# Deflector Cable Issue



## Gar-Dog (Feb 1, 2021)

I just got a new Toro Power Max 24in two-stage gas-powered snowblower in anticipation of a major snowstorm. This is my first snowblower (At 56 I am done with shoveling, lol.) I assembled it and it starts up fine. However, when you pull the "joystick" back to raise the deflector ("pushing" the cable), where the cable connects to the deflector it just curves out I guess on the little spindle - the path of least resistance - instead of raising the deflector. And the cable will disconnect at the joystick end. When the the joystick is pushed forward, and tension is on the cable, it lowers the deflector just fine. So.... it's like pushing rope to raise the deflector. Frankly it seems like poor engineering. I wonder if some washers or gasket should be at the spindle. This was not something I assembled.... this was factory assembled. Any help would be greatly appreciated.


----------



## PlOM (Nov 12, 2020)

I saw one like that at HD. The upper deflector is supposed to be pulled up by the spring as the cable moves upward. In other words, the cable doesn't push the deflector up. On the floor model, the sides of the deflector were squeezed in and binding on the main part of the chute. The cable could pull it down, but it wouldn't go up under spring tension. When I pointed this out to a clerk, he said it's been seen before; he pulled the sides out just a bit, to relieve the pressure on the sides without them losing contact with the dimples (see below) that stabilize the deflector. The deflector then worked fine with the Quick Stick control.

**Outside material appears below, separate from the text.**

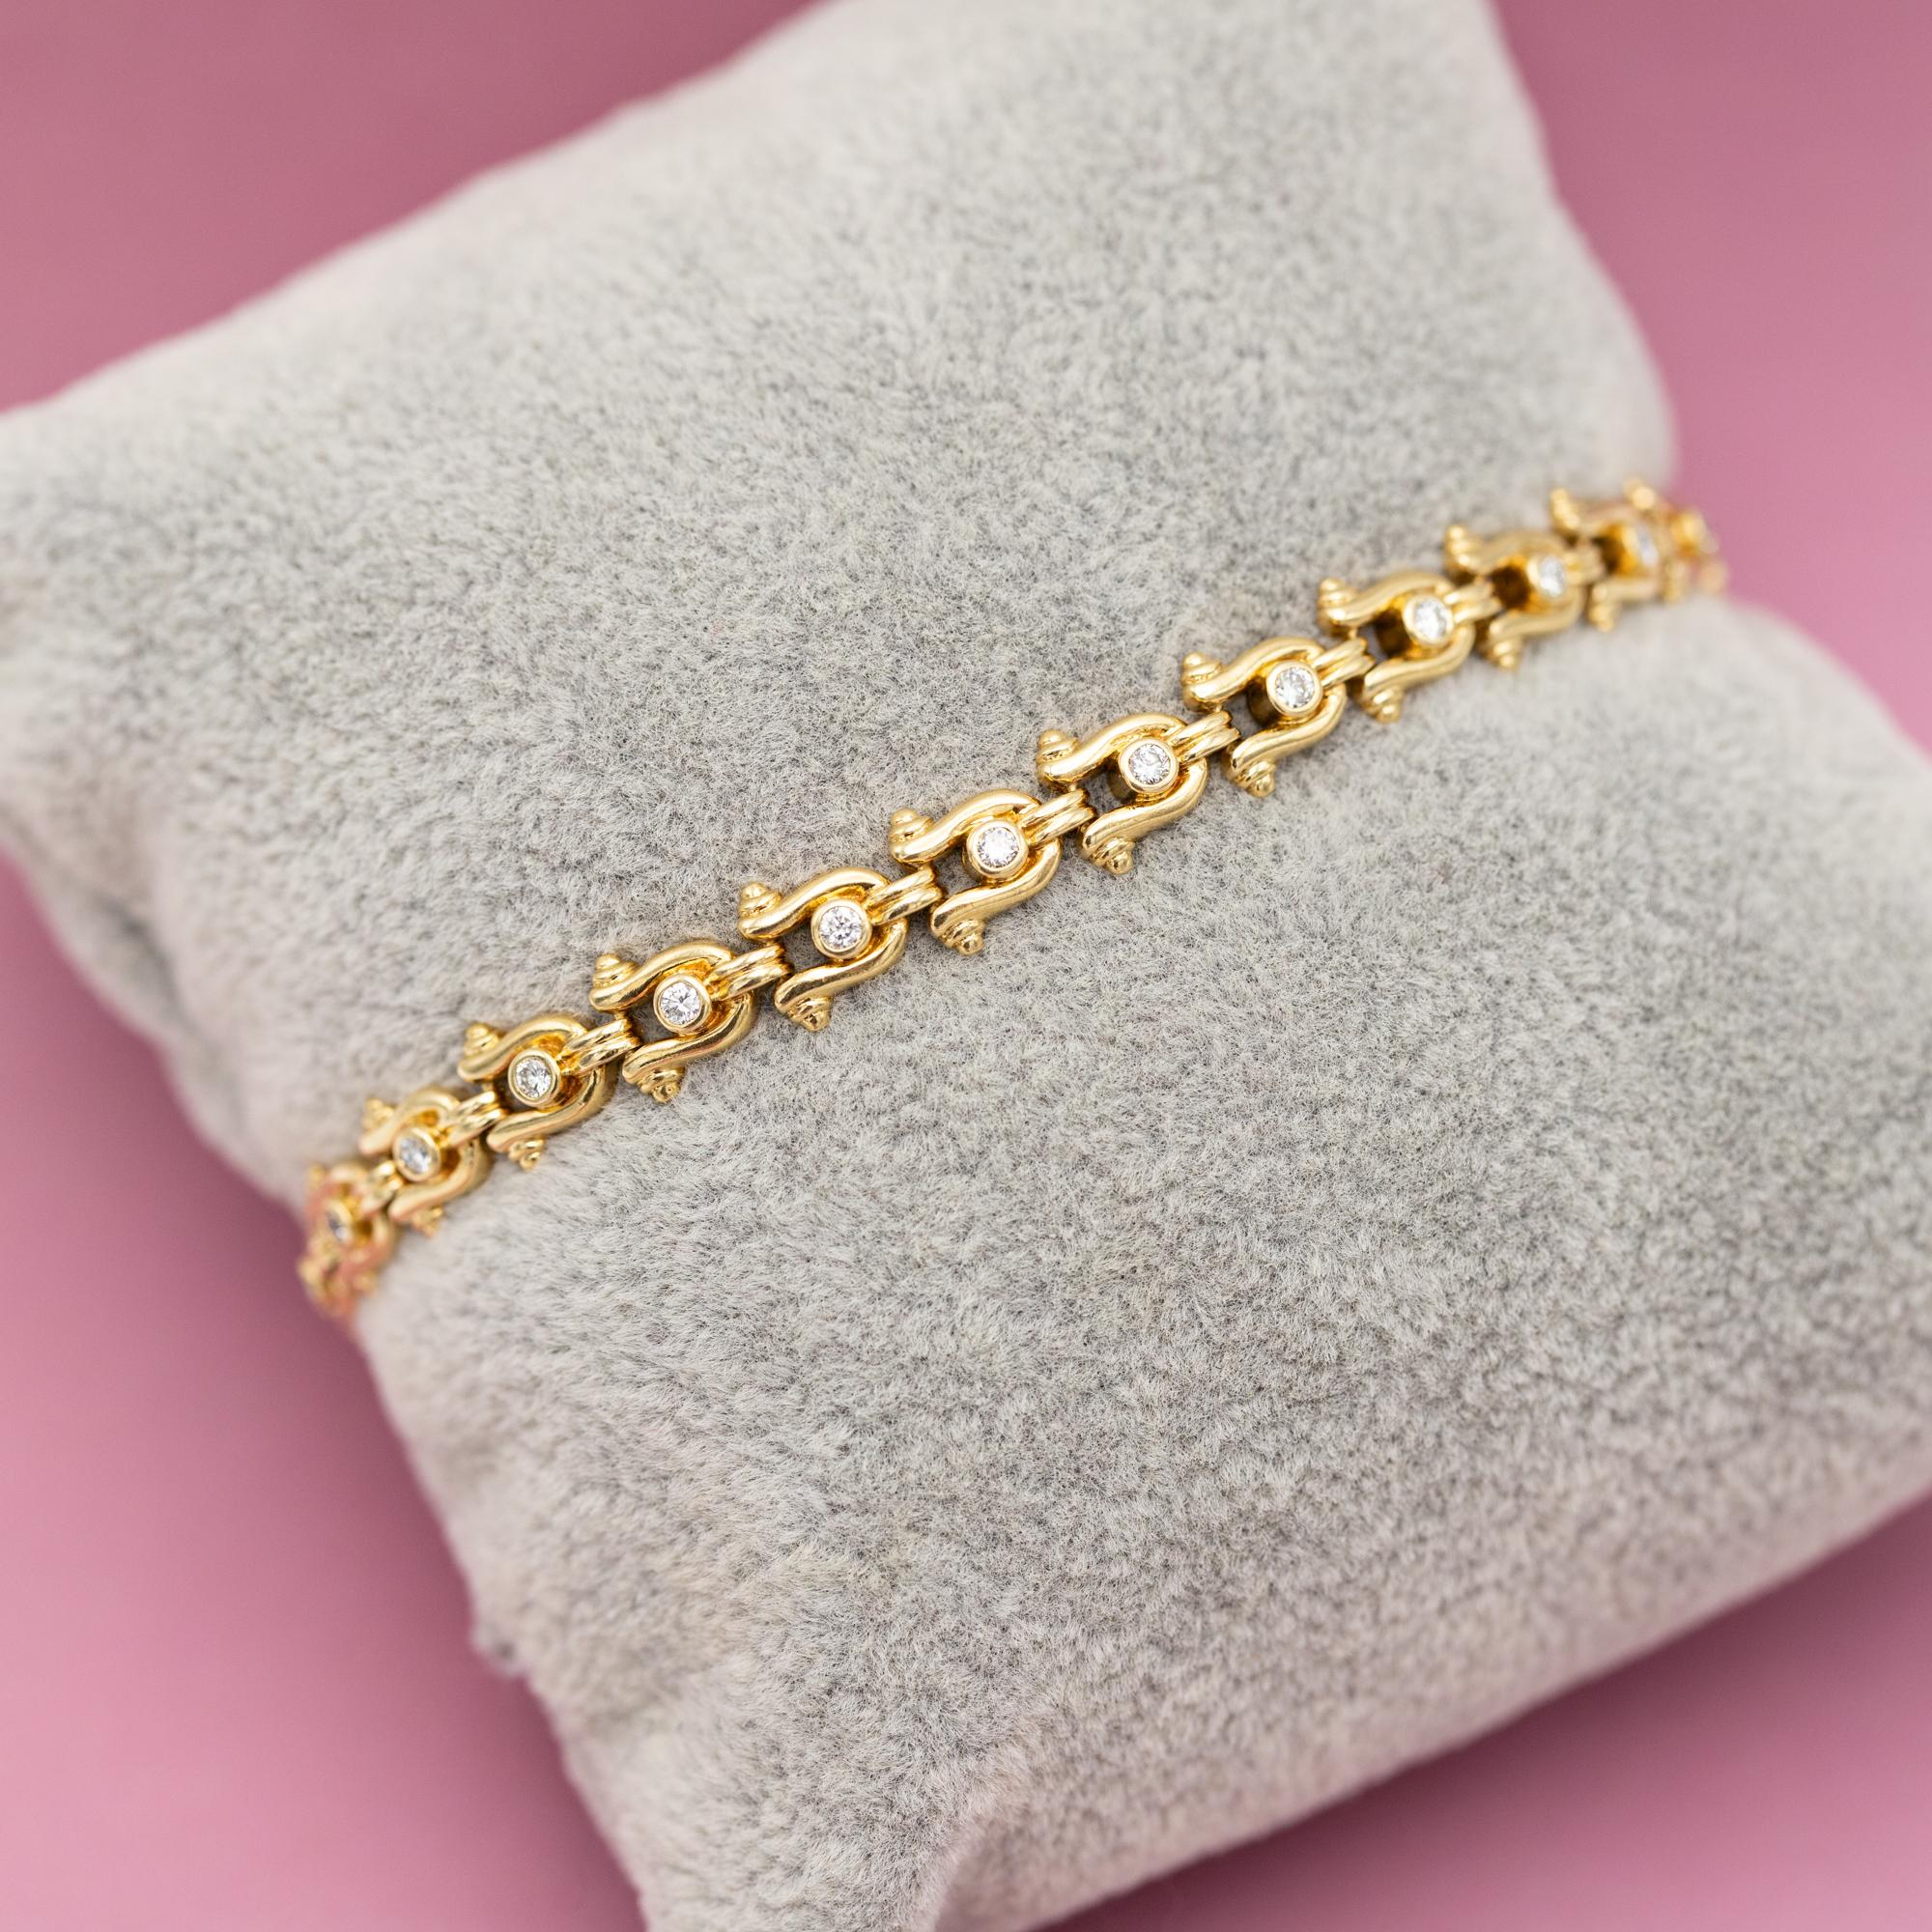 Nous vous proposons à la vente ce bracelet de tennis vintage royal et élégant. Ce bracelet est réalisé en or jaune 18 carats et porte le poinçon 750. Vingt-cinq diamants taillés en brillant garantissent son allure élégante et son aspect royal. Leur

I would imagine the hinge could also be misaligned and binding.


----------



## Gar-Dog (Feb 1, 2021)

PlOM said:


> I saw one like that at HD. The upper deflector is supposed to be pulled up by the spring as the cable moves upward. In other words, the cable doesn't push the deflector up. On the floor model, the sides of the deflector were squeezed in and binding on the main part of the chute. The cable could pull it down, but it wouldn't go up under spring tension. When I pointed this out to a clerk, he said it's been seen before; he pulled the sides out just a bit, to relieve the pressure on the sides without them losing contact with the dimples (see below) that stabilize the deflector. The deflector then worked fine with the Quick Stick control.
> 
> I would imagine the hinge could also be misaligned and binding.
> 
> View attachment 174629


That makes perfect sense - of course, it is the spring that should raise it with slack in the cable. Duh! I will check that out. Thanks!


----------



## Gar-Dog (Feb 1, 2021)

Okay, I am back 2 minutes later and that did the trick. Thank you so much! I feel like an idiot.... and to think I had 3 years of mechanical engineering before switching majors, lol.


----------



## Kiss4aFrog (Nov 3, 2013)

Sometimes it just takes a different set of eyes.


.


----------



## Gar-Dog (Feb 1, 2021)

Certainly in this case!


----------